As anniversary celebrations get underway, NASA finds itself in the midst of a major shake-up – the result of the Trump administration’s pledge to return humans to the moon by what he hopes will be his final presidential year of 2024.
That would be well in advance of China’s stated intention of conducting its own manned landing in the 2030s, and it would be no surprise if the new US 2024 target prompts a similar shake-up in China’s space programme.
Under prime minister Narendra Modi – India this year aims to be the fourth nation to send an automated probe to the lunar surface.
The Chandrayaan 2 should have blasted off on Monday (15), but was postponed at the last moment for still unexplained technical reasons.
That setback serves as a reminder of just how difficult such programmes can be – but also, perhaps, the political pressures on them. That’s likely to be the case in the US if Trump wins a second term, with the president tearing up an Obama-era plan to land on an asteroid to prioritize the perhaps more easily grasped concept of the moon then Mars.
NASA last week demoted two of its longest-serving senior officials who had headed up manned exploration. In their place it appointed Ken Bowersox, a former astronaut who has also worked for Elon Musk’s SpaceX, to head the programme.
Trump would clearly revel in a moon landing in his final year in office – but the moon mission appears part of a wider political agenda, not least backed by vice president Mike Pence. His March speech argued NASA’s organization should change rather than its mission to get back to the moon by 2024 – when he may well be running for the White House himself.
As in India and China – which sent a probe to the dark side of the moon in January – space exploration is intrinsically tied to the political drives of those in charge.
In Russia, the memory of Sputnik and Yuri Gagarin – the one point at which the country appeared ahead of the West in science and technology during the Cold War – is still a point of major national pride.

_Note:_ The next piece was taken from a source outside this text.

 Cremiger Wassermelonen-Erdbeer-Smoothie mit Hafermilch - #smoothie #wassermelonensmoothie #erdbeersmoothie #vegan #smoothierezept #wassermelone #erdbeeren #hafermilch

So is the fact that Russian rockets kept putting US and European astronauts into orbit after the US space shuttle programme ended.
The mere fact NASA can bring in space experts from the private sector shows how things have changed. The largest rocket currently launching satellites into orbit, the Falcon Heavy, is owned, designed and operated by Musk’s firm.

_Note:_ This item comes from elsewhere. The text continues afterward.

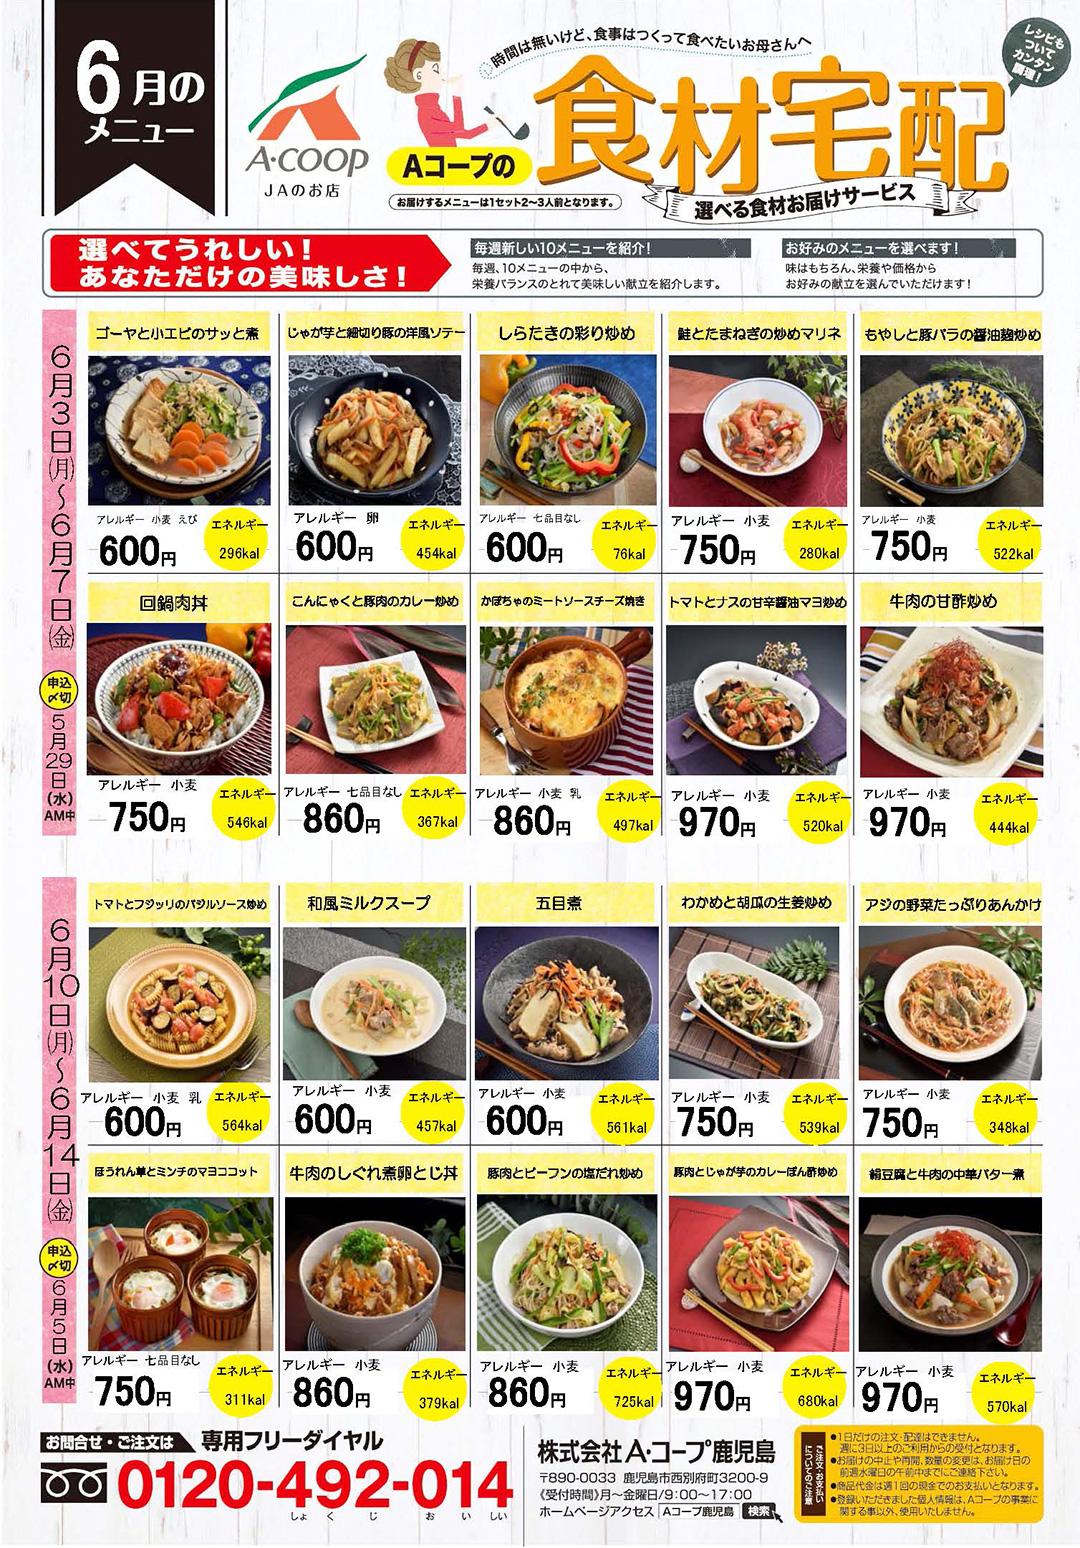 Aコープの食材宅配カレンダー(2019年6月3日-6月14日)

A growing number of space projects in the US and beyond are now heavily collaborative, if not entirely private. When and if humanity reaches Mars with people, it may well be a commercial as much as a government venture.

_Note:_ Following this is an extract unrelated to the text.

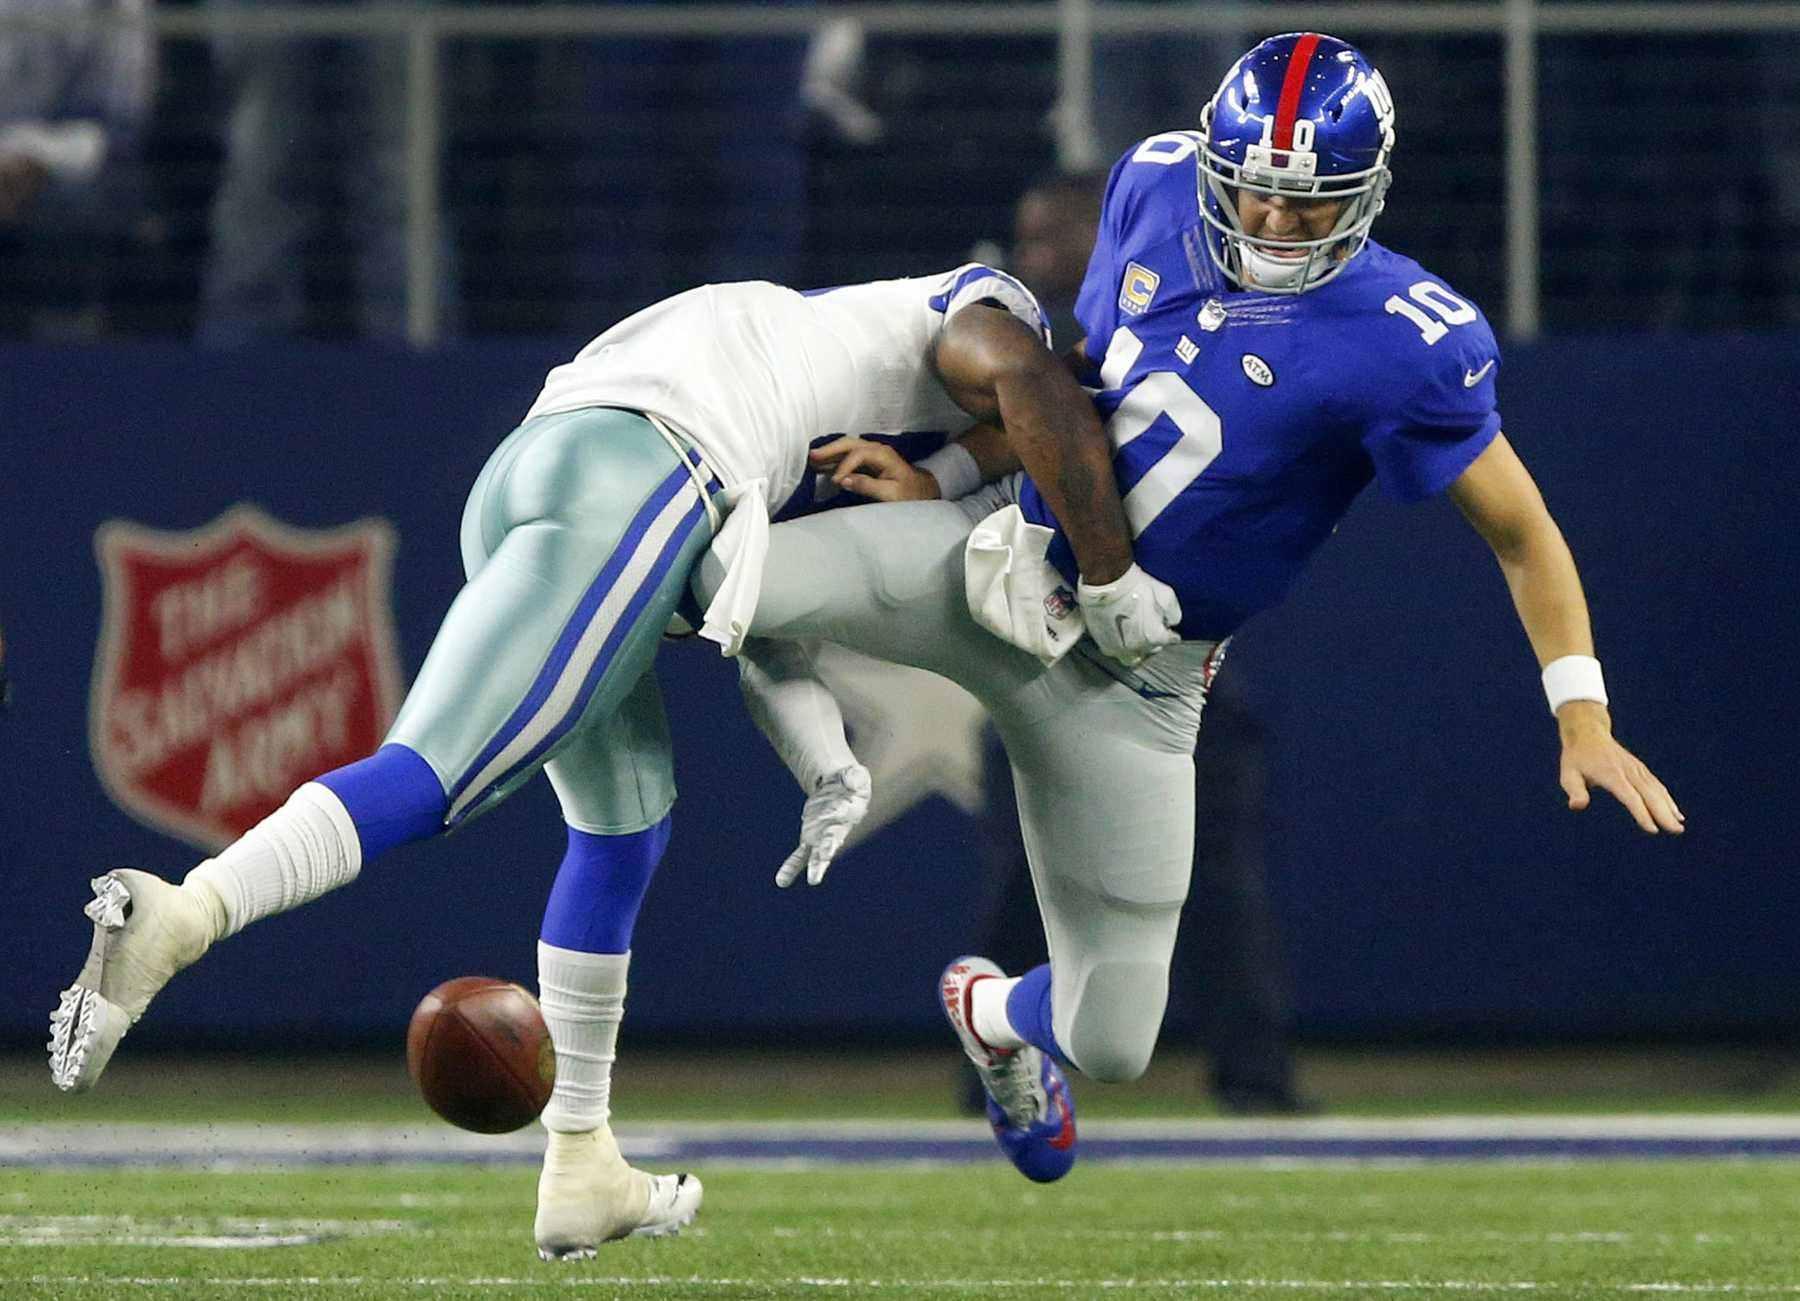 Cowboys Blog - Dallas Cowboys At New York Giants: 5 Bold Predictions

The stakes are very high. When the last batch of US astronauts left the lunar surface in the 1972, less than three and a half years after Apollo 11, there was a feeling NASA had exhausted all the immediately useful activities it could conduct.
Apollo missions had tested a moon buggy, even hit a golf ball. The technology to take things further, however, simply wasn’t there.
In the decades that followed, the US space programme chose to concentrate on reusable space shuttles, deep space probes and telescopes, and lower earth orbit activities such as the International Space Station.
That, together with other new technology and better survey work of the moon and Mars, make today’s space race very different. Nations are heading back to the moon because they wish to ultimately stay there.
Signs of water on the moon from recent Chinese, Indian and US probes are a game-changer. That being used to support colonists, and also broken down into oxygen and hydrogen for fuel.
It would give whoever gets a foothold on the moon a considerable advantage in exploiting both its resources and those of the rest of space. The most efficient way of doing that would be through cooperation – one reason the European Space Agency suggests an international ‘Moon Village’.
Cooperation, however, does not necessarily drive speed as much as competition – and in the current febrile global climate, it’s no surprise this has become another field of international rivalry.
It also comes at the same time as the wider militarization of space, evidenced by Trump’s planned “space force” and an apparent Indian anti-satellite weapons test earlier this year.
When they left the moon, Armstrong and Aldrin left behind a plaque reading: “we came in peace for all mankind.” We must hope the next men and women there feel the same way.
Peter Apps is a writer on international affairs, localisation, conflict and other issues.